START Information shown
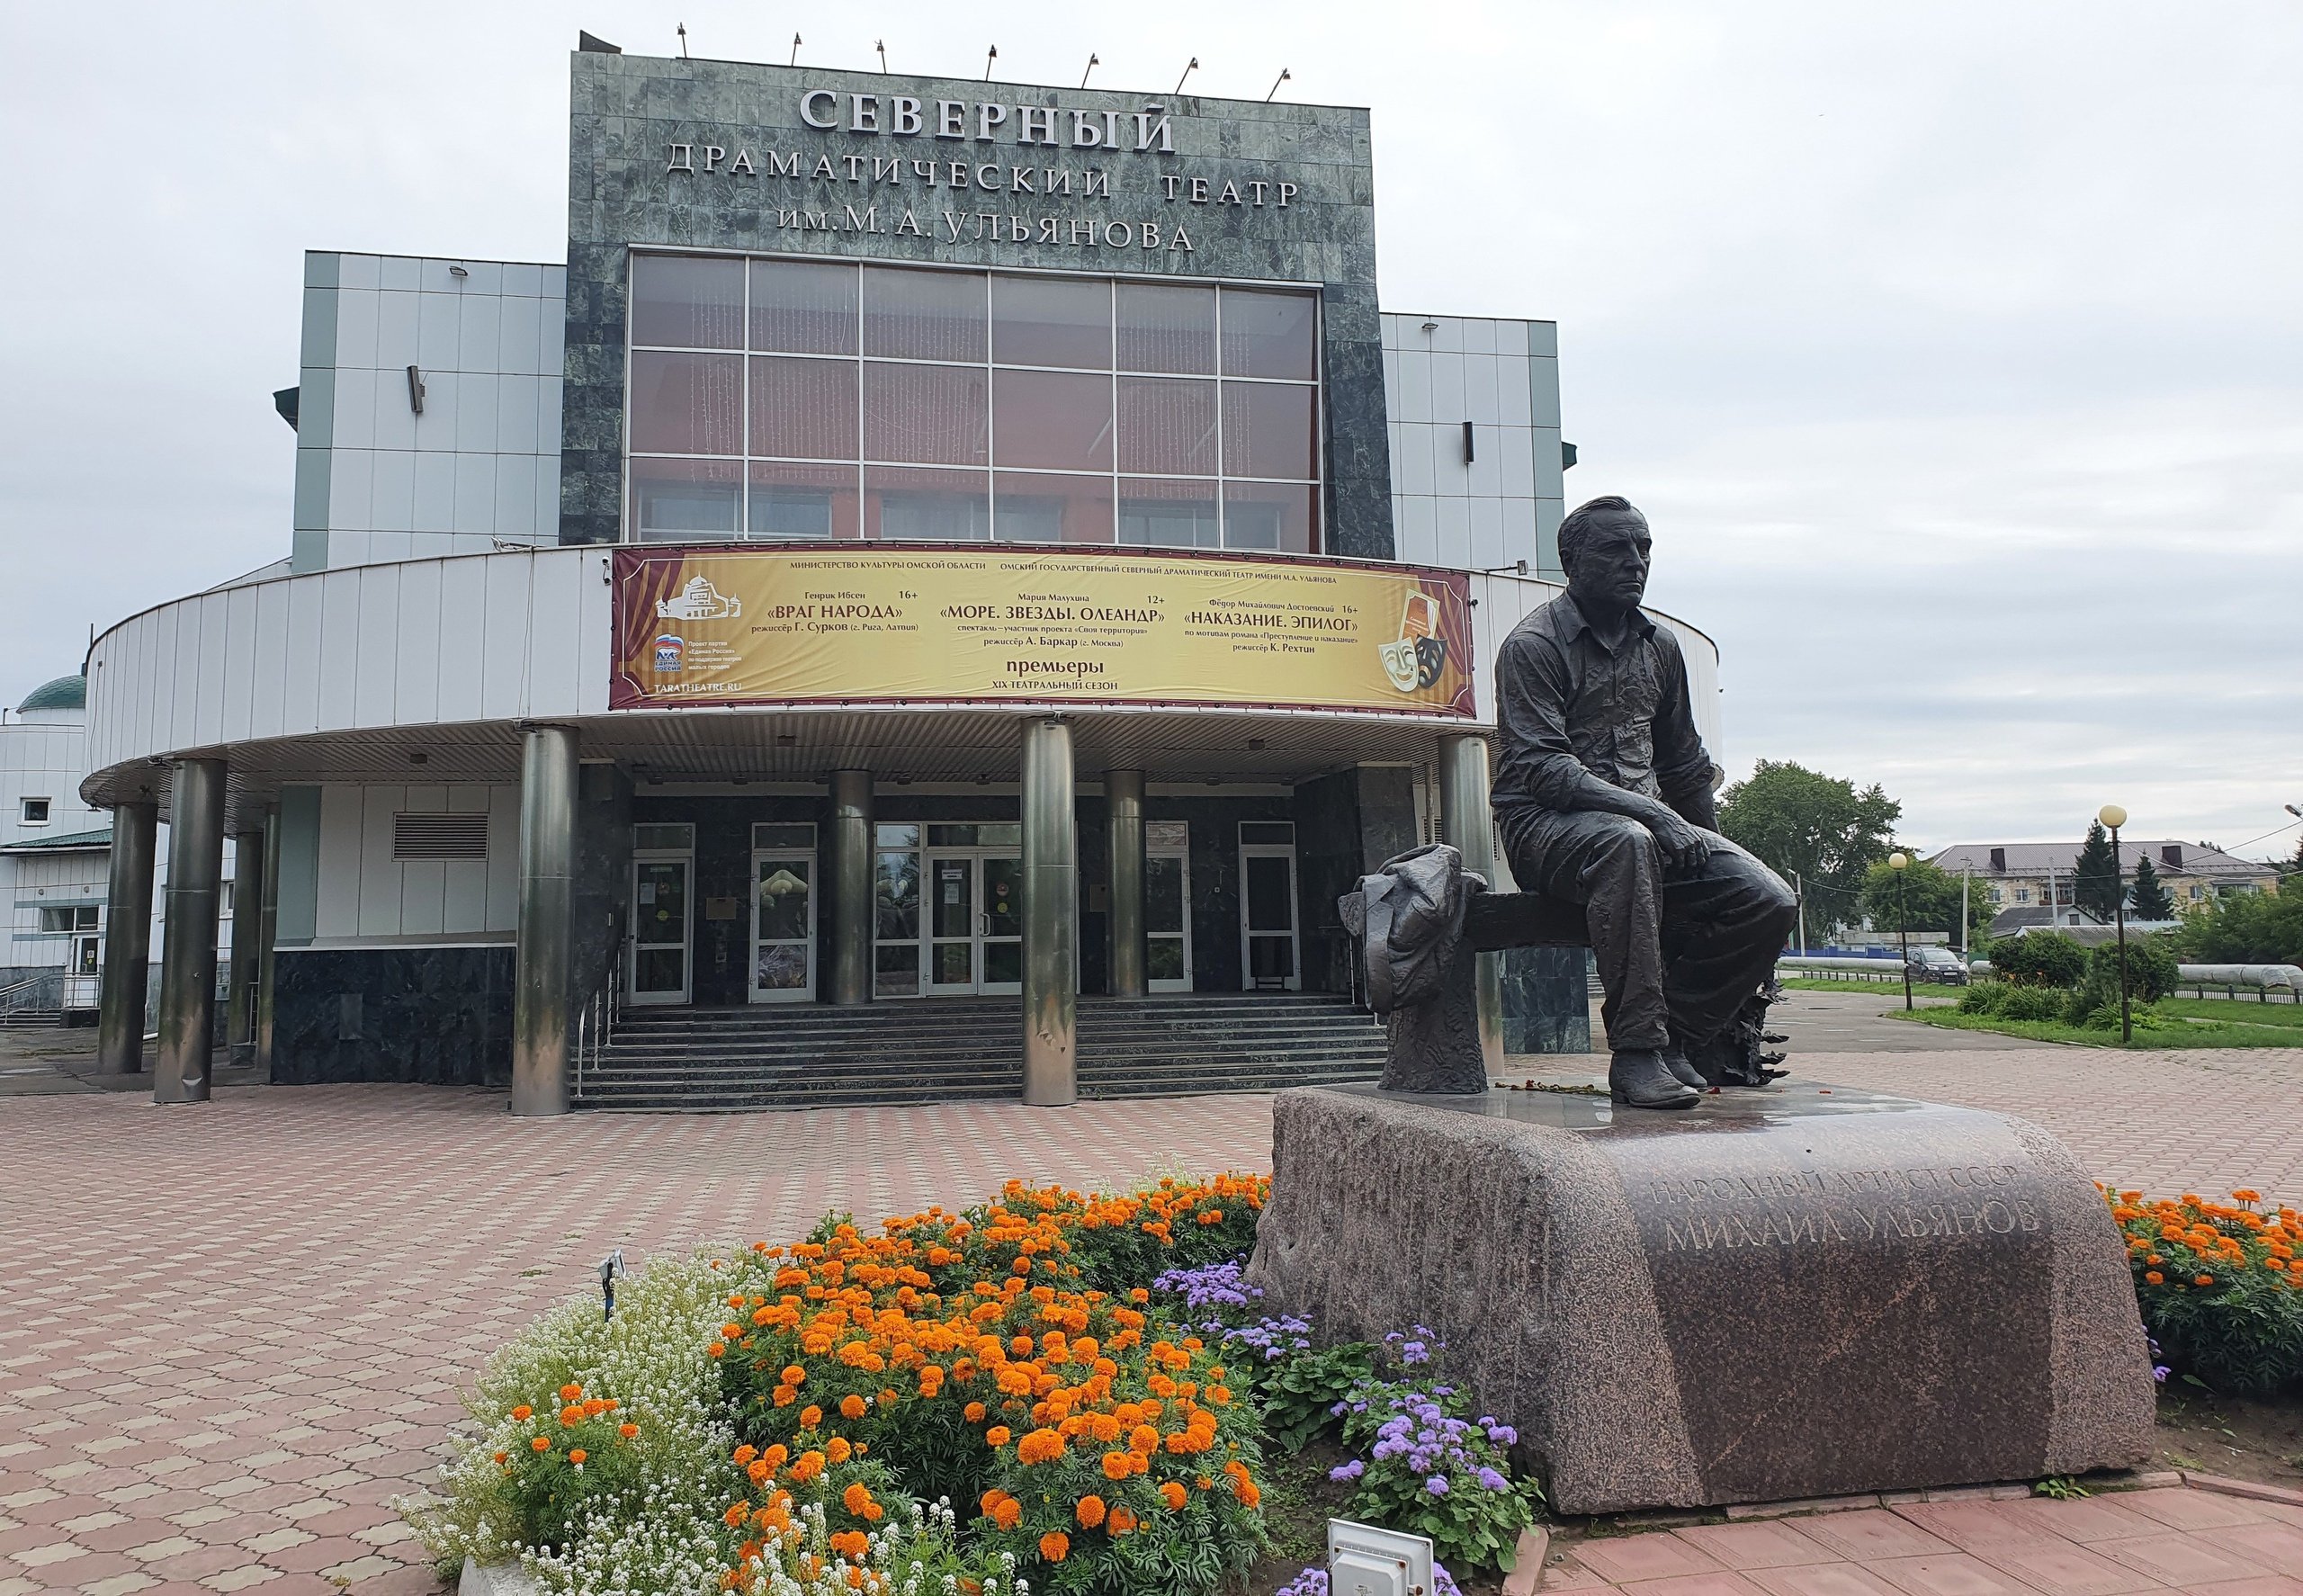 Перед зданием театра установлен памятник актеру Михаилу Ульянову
END Information shown
START Information shown
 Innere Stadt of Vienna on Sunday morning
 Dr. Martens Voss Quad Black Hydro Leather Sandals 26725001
END Information shown
START Information shown
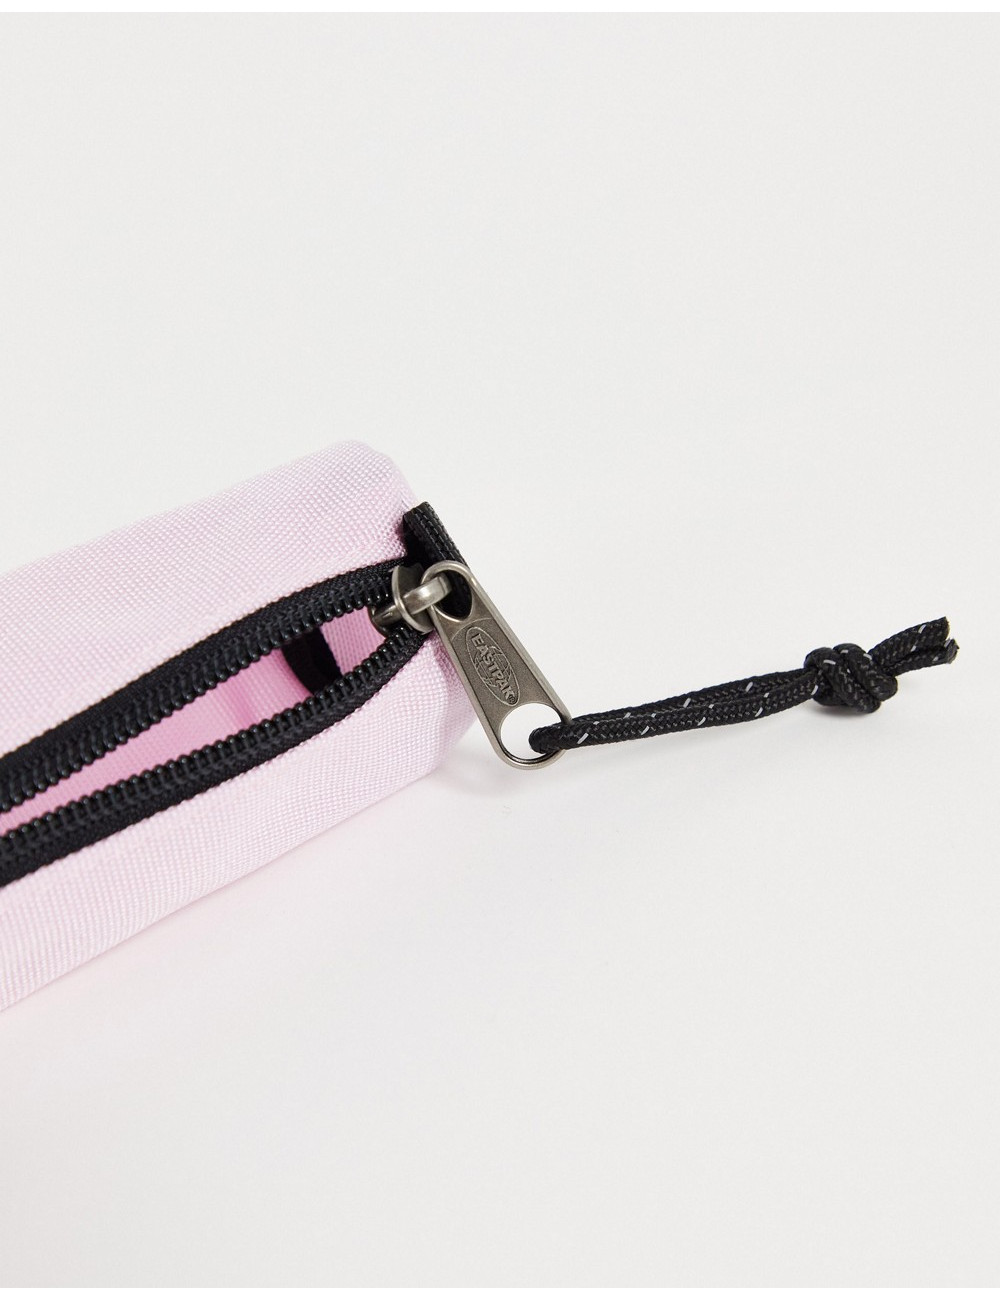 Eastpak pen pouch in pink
END Information shown
### What the task asks
Beginning at the line above with "Innere Stadt of Vienna on Sunday morning" and finishing at the line with "Dr. Martens Voss", return each line exactly and return nothing else.

### Solved problem
 Innere Stadt of Vienna on Sunday morning
 Dr. Martens Voss Quad Black Hydro Leather Sandals 26725001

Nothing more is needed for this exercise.